Perspectives and future directions
As highlighted in this review, spanning the subdomains related to stroke are essential for developing a comprehensive healthcare and rehabilitation system for upper-limb dyskinesia, integrating these subdomains into a cohesive whole. Consequently, global strategies are necessary to promote the application of knowledge and the translation of findings across these areas. This need is particularly urgent following the analyses by Luca De Iaco [337] and Helen Rodgers [3], who, in separate studies, concluded that single robot-assisted rehabilitation of the upper limb lacks clinical significance.
Closed-loop rehabilitation strategy for upper-limb dyskinesia after stroke
The closed-loop rehabilitation strategy proposed in this review represents a transformative approach to post-stroke upper-limb motion rehabilitation (P-UMR), integrating robotics, motion perception, metrics, neuronal microfluidics, and neuroelectronics into a cohesive framework. As illustrated in Fig. 1, this strategy leverages advancements across diverse fields, including medicine, biology, computer science, robotics, and bioelectronics, to address the limitations of current rehabilitation methods and promote neural remodeling. The core objective of P-UMR is to restore natural upper-limb motion by creating a dynamic, adaptive system that continuously monitors, analyzes, and optimizes rehabilitation interventions. Within the closed-loop strategy, upper-limb motion sensing analyzes and decodes this natural motion. The results are used as inputs to the rehabilitation robot, enabling the affected side to perform natural movements. Simultaneously, motion metrics quantify upper-limb motion and assess the affected side, providing a quantitative measure for evaluating rehabilitation outcomes. More importantly, these metrics can be transcoded to characterize electrical inputs for neuronal microfluidics, allowing for an exploration of the validity of current rehabilitation models. Neuronal microfluidics then establishes an in vitro stroke model and an electrical platform to investigate optimal rehabilitation modalities, such as visual mirroring [173, 338], robotic assistance [3, 59, 62,63,64, 66,67,68, 339], and complex rehabilitation [60, 61]. Ultimately, the findings are fed back into the rehabilitation process to enhance the restoration of natural motion in the affected limb.
The foundation of the closed-loop strategy lies in the precise analysis and decoding of natural upper-limb motion through advanced sensing technologies. Motion sensing systems, such as wearable sensors, IMUs, and sEMG, capture real-time kinematic and kinetic data, including joint angles, muscle activation patterns, and force generation. These data are processed using machine learning algorithms to decode the patient’s movement intent and assess the quality of motion execution. Motion metrics, derived from this analysis, provide quantitative measures of motor performance, such as range of motion, smoothness, and symmetry, which are critical for evaluating rehabilitation progress. The decoded motion data serve as inputs for rehabilitation robots, enabling them to assist the affected limb in performing natural, task-specific movements. For example, robotic exoskeletons or end-effector devices can use this information to provide adaptive support, adjusting assistance levels based on the patient’s real-time performance. This integration ensures that rehabilitation training is tailored to the individual’s capabilities and recovery stage, maximizing the effectiveness of each session.

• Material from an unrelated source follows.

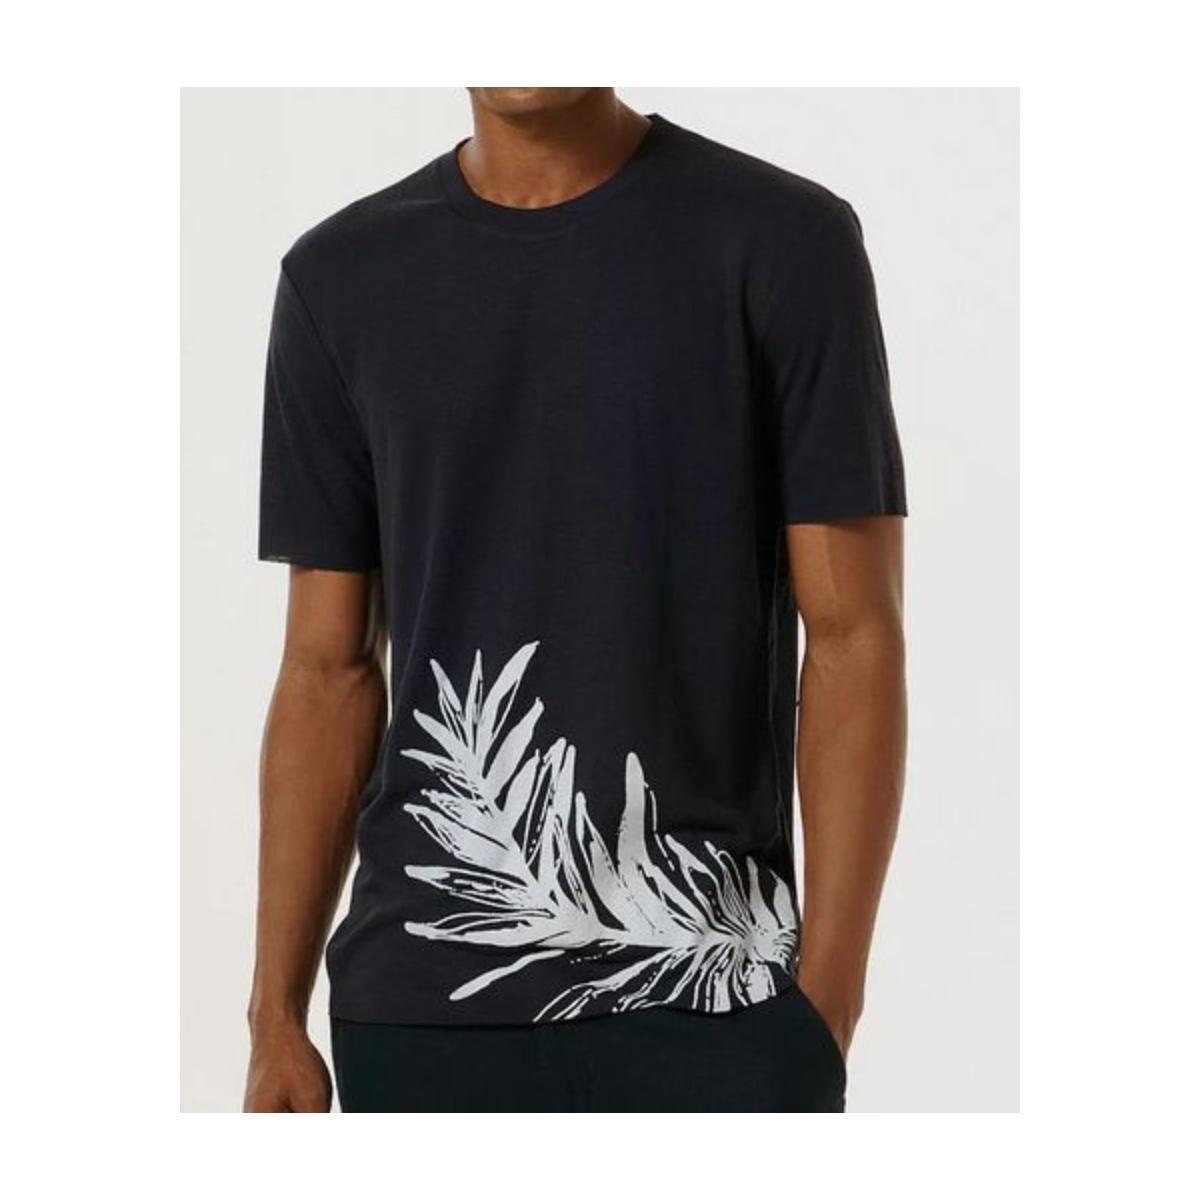 Camiseta Masculina Hering 4f7a Ax7en Azul
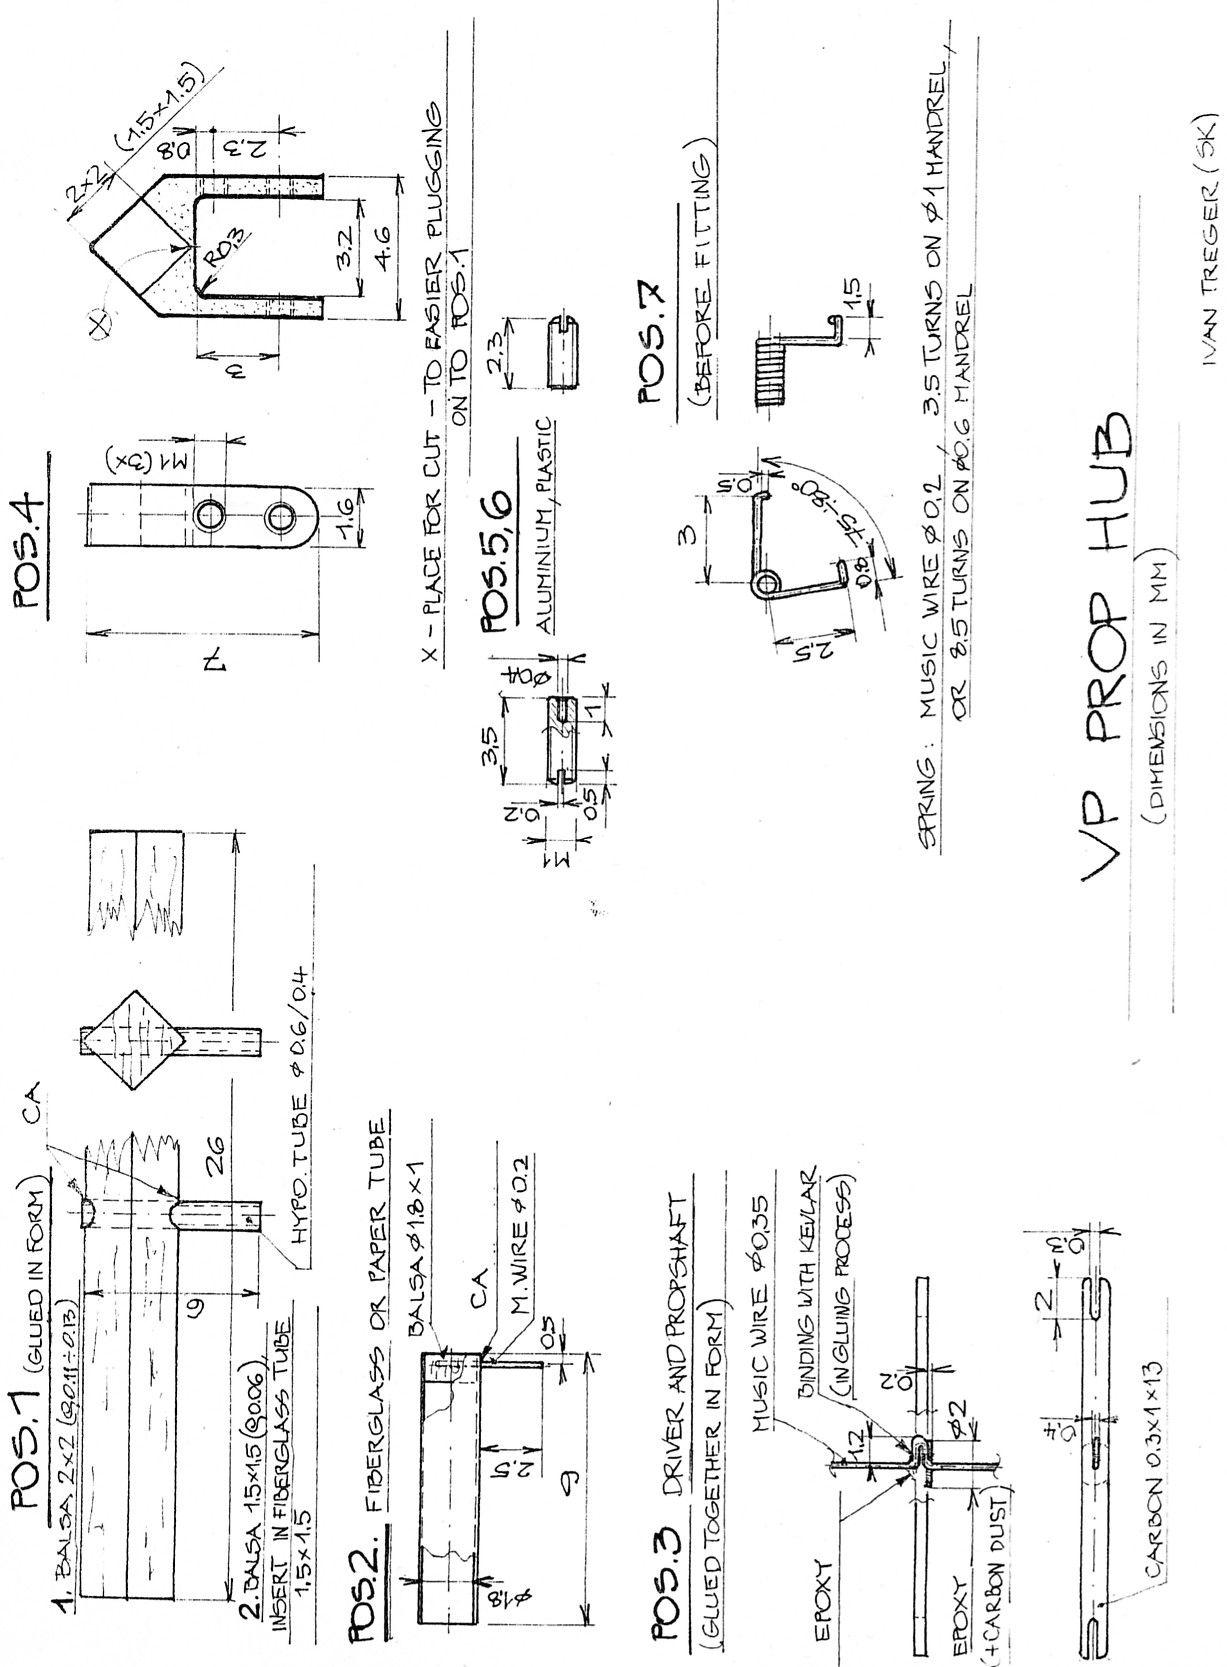 Plan Of Ivan Treger S 0 6 Gram Rubber F1d Variable Pitch

NMs play a pivotal role in the closed-loop strategy by providing a platform to model stroke-induced neural damage and test rehabilitation interventions in vitro. NMs replicate the brain’s neural microenvironment, allowing researchers to study the effects of electrical stimulation, pharmacological agents, and other therapeutic modalities on neural repair and plasticity. Motion metrics, transcoded into electrical inputs, are used to characterize and optimize stimulation parameters within NMs, ensuring that the rehabilitation models are physiologically relevant and effective. For instance, NMs can simulate ischemic conditions and test how different patterns of electrical stimulation influence axonal regeneration, synaptic reorganization, and neural network recovery. These findings are then translated into clinical applications, guiding the design of personalized rehabilitation protocols. By bridging the gap between in vitro models and in vivo applications, NMs enable a deeper understanding of the neural mechanisms underlying stroke recovery and facilitate the development of targeted interventions. Neuroelectronics, including EEG and invasive neural interfaces, provide real-time feedback on brain activity during rehabilitation. This information is integrated with motion sensing data to create a comprehensive picture of the patient’s neural and motor function.
The closed-loop structure integrates motion sensing, robotics, neuronal microfluidics and neuroelectronics into a cohesive system. The interaction and interdependence among these subdomains are delineated below:
-
Motion Sensing -- Robotics: Real-time motion data guide robotic devices to provide adaptive assistance, ensuring natural and task-specific movements.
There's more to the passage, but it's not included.